The spirituality has basically been lost, due to the "success" of the Christian missions. I'll be participating in a ritual that hasn't been fully enacted in over a century in the next couple of weeks, most of the ritual is being pieced together from anthropological texts and word of mouth from half a dozen different elders in different parts of the state, each of whom have a different form of the ritual according to the ways of their various people.

That's what Walkabout was all about. The loss of the spirituality and the return of the spirits to a world that no longer respects them. The earliest thoughts of the game had the characters learn their knowledge about spirits from third hand word-of-mouth, passed down from one of the last shamans to remember the secrets. But I think it's actually more poignant to have no-one with the full answers,especially since the answers will change from location to location because every spirit was revered by a different group of people and every group of people will have shown that respect in different ways. Walkabout was always intended to be a game about loss, and trying to gather the pieces of the past to make sense of a world in chaos, but now there needs to be something deeper in it.

This game won't be a parody, nor a cultural appropriation. It will be more of an opening point to a culturally sensitive dialogue. It will not be "politically correct" in the way I see that term. Political correctness is about stopping short and censorship to prevent offence, instead through cultural sensitivity it will be about stirring those emotions of offense, understanding why they offend, and how things can be better handled in the future. This could be a game covered in trigger warnings, confronting the spirit is confronting the self, understanding what is necessary to proceed may lead to uncomfortable decisions. The spirit of a situation will rarely be an easy confrontation, and more often than not, the first confrontation in any situation will fail because the complete facts are yet to be revealed.

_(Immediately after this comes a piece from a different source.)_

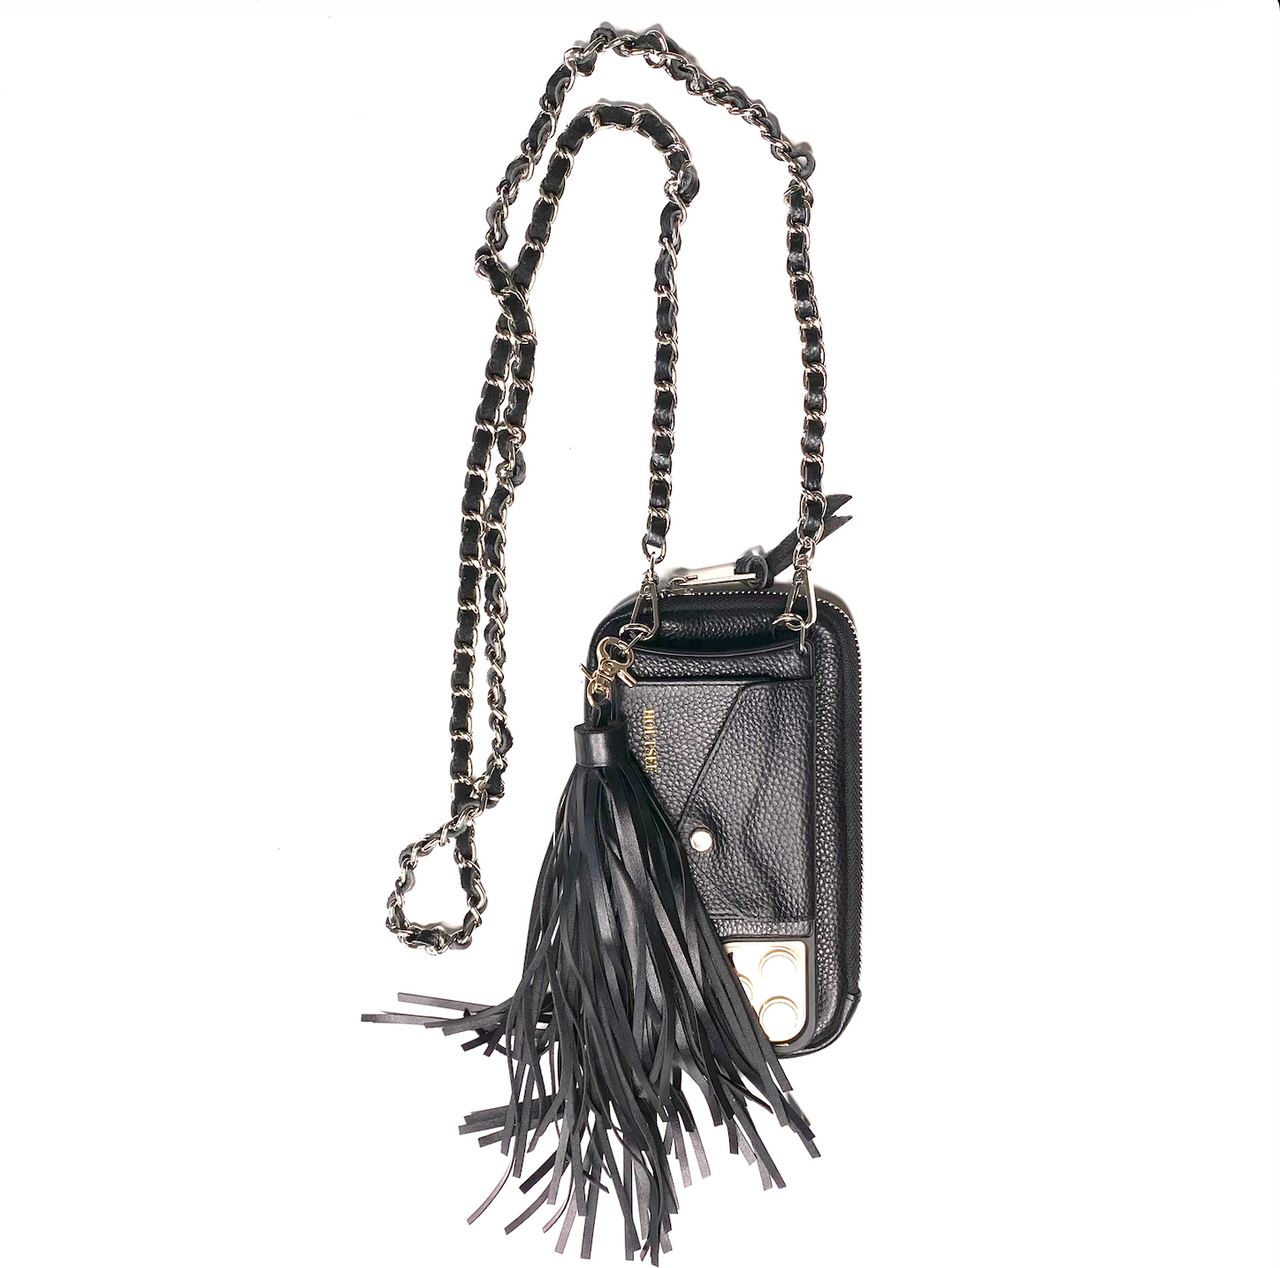 Goddess Iphone Case + Pouch + Removable Tassel

I've been on the right track to make this a game about relationships more than anything else. Relationships to people, relationships to place, relationships to objects. The community spirit of the various Australian Indigenous people links everyone to each other, and everyone is known by their relationship to someone else, the more links you can verify the more easily understood you are as a person. I was going to write that the more connected you are, the more accepted you are; but that's not really right, instead the more connected you are, the more known you are (you are less of an untrusted variable).    

Currently Walkabout sits in a dozen unfinished files on my computer, it has informed so many of my other works at the moment that it feels like it should be ready to go. Once I've knocked over the FUBAR rewrite, I need to get onto it. It's starting to feel like I'm holding something back by letting it sit idle.